Anyway, the math is x = u * w, y = v * h. So if w = 2^N, then the optimization ratchet ment is signed left shift of the floats exponent instead of the multiplication (which could be also implemented as a int add).

DigitalDative · January 23, 2017, 1:28pm

Man, for the first seconds after reading your post I thought that I’ve chosen the wrong job.

Then I did a simple test:

    struct FltCast {
        FltCast(float f) : fValue(f) {}
        union {
          float fValue;
          struct {
            unsigned int mantisa : 23;
            unsigned int exponent : 8;
            unsigned int sign : 1;
          };
        };
    };
    FltCast flts[4] = { 256.0f, 200.0f, 1.0f / 256.0f, 1.0f / 200.0f };
    for (auto f : flts) std::cout << "Fl.32:" << f.fValue << " mant.:" << f.mantisa << " exp.:" << (int)f.exponent-127 << std::endl;

So now, after seeing the results, I’m convinced that I’ve chosen the wrong job The exponent of floats is 2 and not 10. Even it’s common to define the exponent in literals in a based-10 manner… How could I miss that all the years? So sorry for my statement! Time to stop working for today and have a beer or two…

Cheers!

krOoze · January 23, 2017, 2:42pm

Yeah, and I bet nobody complained yet at your job. It is the benefit of formal education to know some such pointless factoids. Glad I got to brandish what I learned - my 15 minutes of fame.

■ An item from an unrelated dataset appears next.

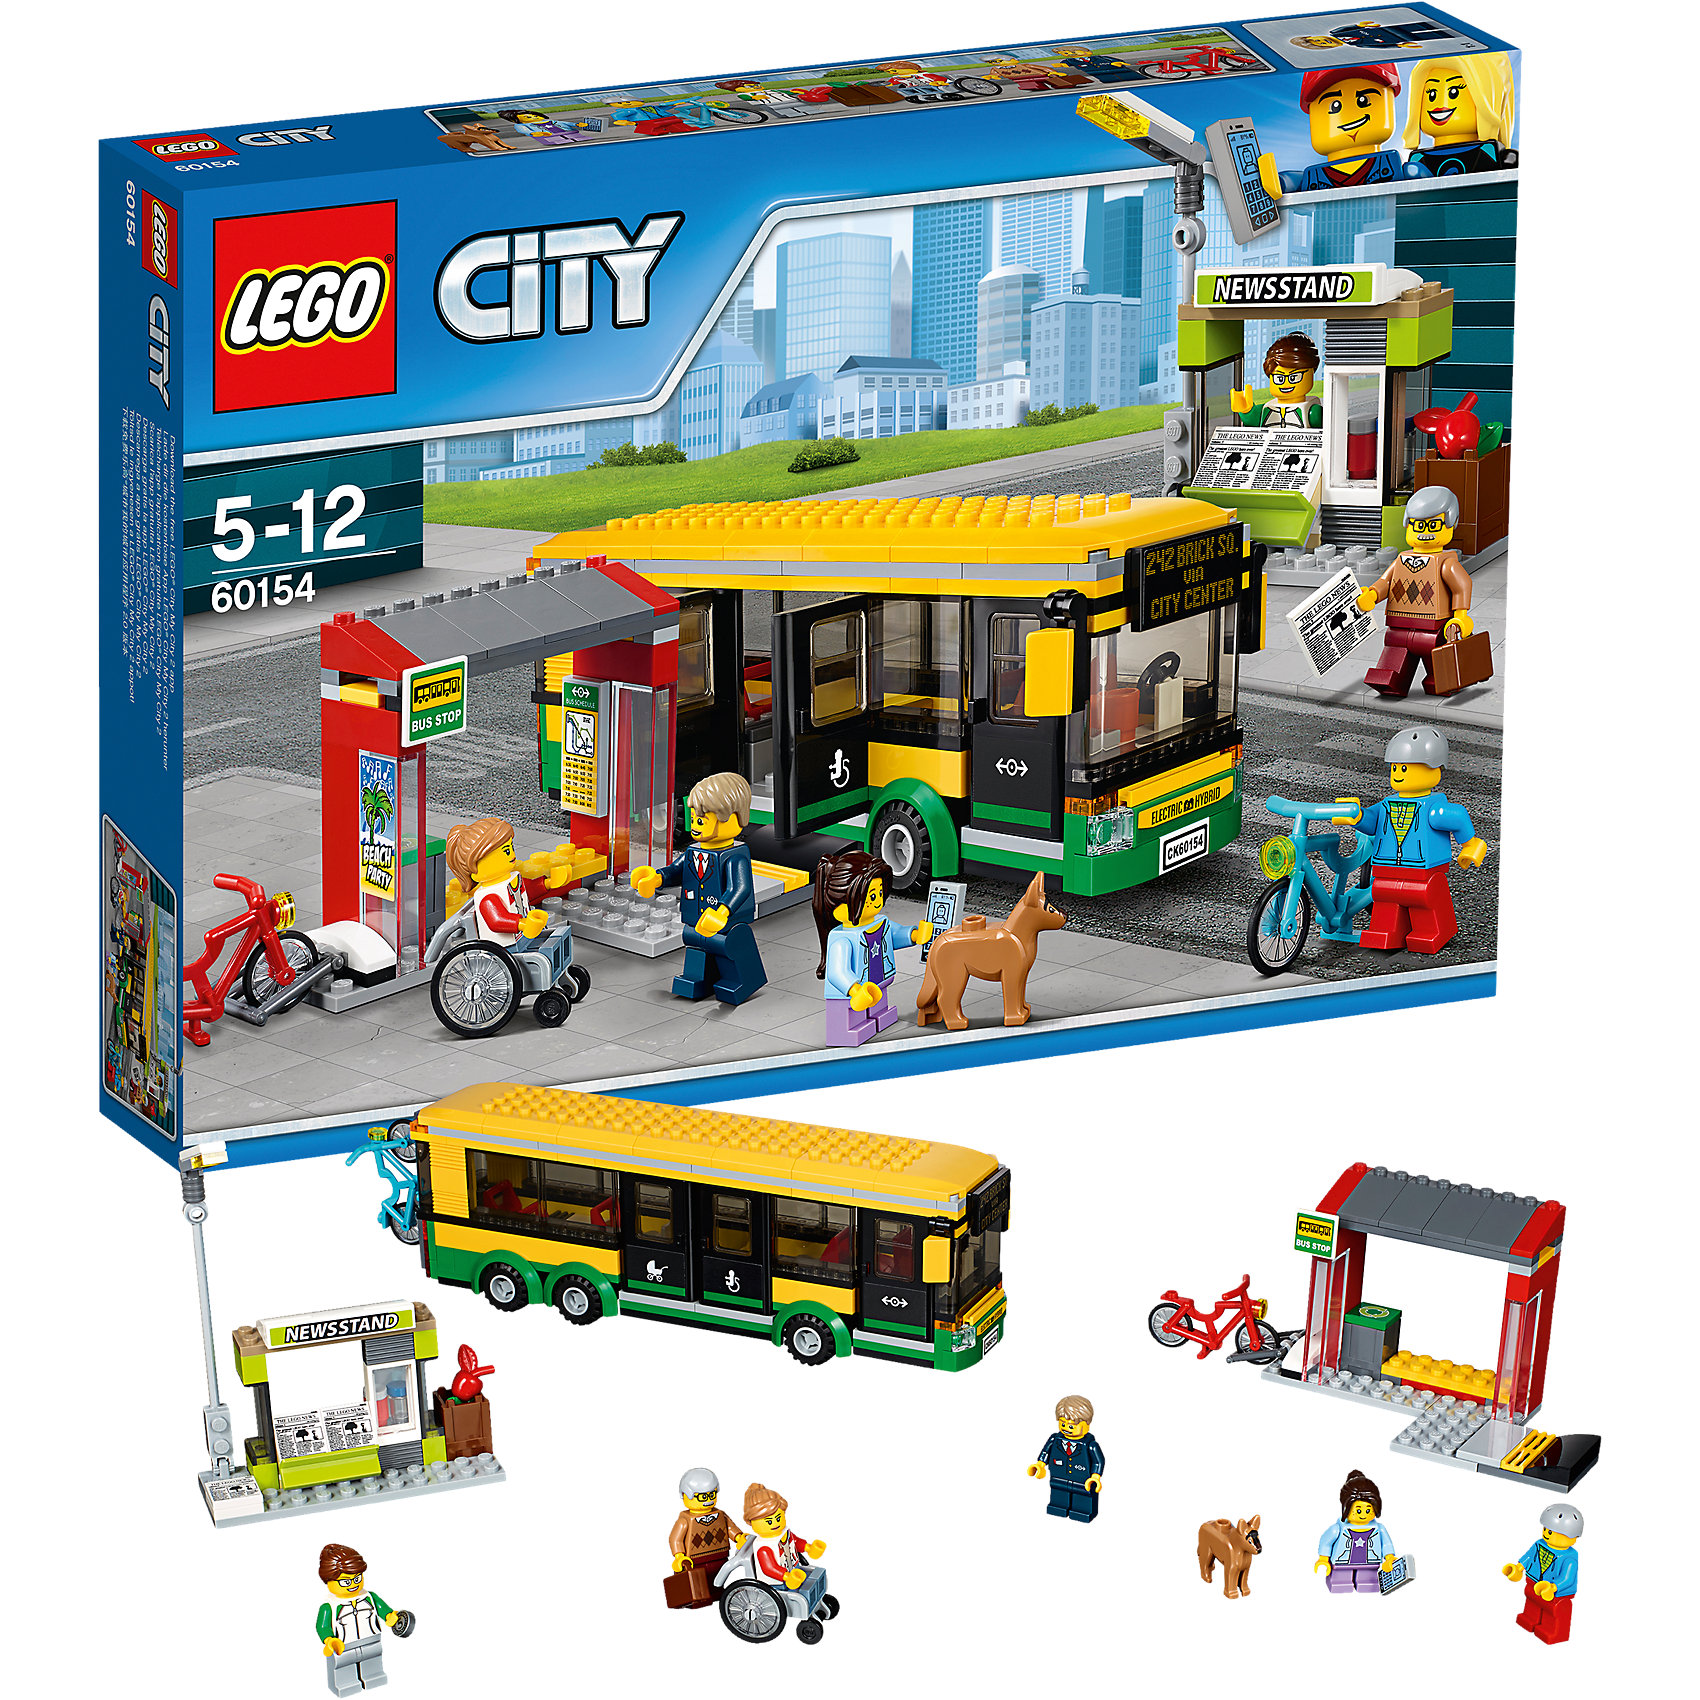 LEGO City 60154: Автобусная остановкаПластмассовые конструкторы<br>Характеристики товара: <br><br>• возраст: от 5 лет;<br>• материал: пластик;<br>• в комплекте: 337 деталей, 6 минифигурок, фигурка собачки;<br>• размер упаковки: 26,2х38,2х5,7 см;<br>• вес упаковки: 660 гр.;<br>• страна производитель: Чехия.<br><br>Конструктор Lego City «Автобусная остановка» позволит собрать остановку, автобус и газетный киоск. Колеса автобуса вращаются, двери открываются, внутри несколько посадочных мест. Сбоку от остановки расположена парковка для велосипедов. Внутри самой остановки — расписание автобусов.<br><br>Конструктор Lego City «Автобусная остановка» можно приобрести в нашем интернет-магазине.<br><br>Ширина мм: 384<br>Глубина мм: 261<br>Высота мм: 63<br>Вес г: 659<br>Возраст от месяцев: 60<br>Возраст до месяцев: 144<br>Пол: Мужской<br>Возраст: Детский<br>SKU: 5620031

For a second mind blow factoid: the commonly used (and commonly working well) code snippet you posted is “undefined behavior” under C++ spec.

DigitalDative · January 23, 2017, 5:11pm

Hehe, getting offtopic again; it’s likely easier to start to only mark sections of this thread that are related rather than offtopic to the initial topic

For a second mind blow factoid: the commonly used (and commonly working well) code snippet you posted is “undefined behavior” under C++ spec.

It was intended that the shown code is undefined in behaviour since my state of profession/occupation seems to be in a related state ;p

Seriously, what’s wrong with the code except that the iostream include and a surrounding main() function is missing? Let me guess:

1.) Something related to the for(var:iterOver) loop since I used a raw array which size may be undefined to some compilers? [Only recommended: According Scott Meyers usage of arrays should be avoided in Modern C++]
2.) The braced initialized array is wrongly initialized (initializer list issue stuff and {} vs. ())?
3.) Missing typedefs of the union or struct (I’m pretty sure it’s no more necessary as since C++11 it’s done per default?)
4.) Using old-style cast (int) vs. static_cast<int>() (->cosmetic stuff)
5.) Unnamed struct and/or union?
6.) I made the assumption that float is 32bit (23:8:1) – which, as far as I can remember, is at least by C++ specs wrong (specs only say that sizeof float <= double <= long double AND float must be >=4, doubles >= 8 )
7.) Usage of auto is wrong because FltCast[4] array deduction is ambiguous?
8.) Missing using std::cout (which is only recommended)?
9.) Missing noexcept on constructor? (-> only performance impact, other way round would be a mistake
10.) Most likely: Something regarding the good old POD struct.

This feels a bit like playing Jeopardy^^ and I’m really looking forward to your answer… We also can start make this a quiz instead or take stakes from others who can bet on the correct answer

[EDIT: 10 things that could possibly go wrong in a code snippet of 10 lines - I want my C64 back!]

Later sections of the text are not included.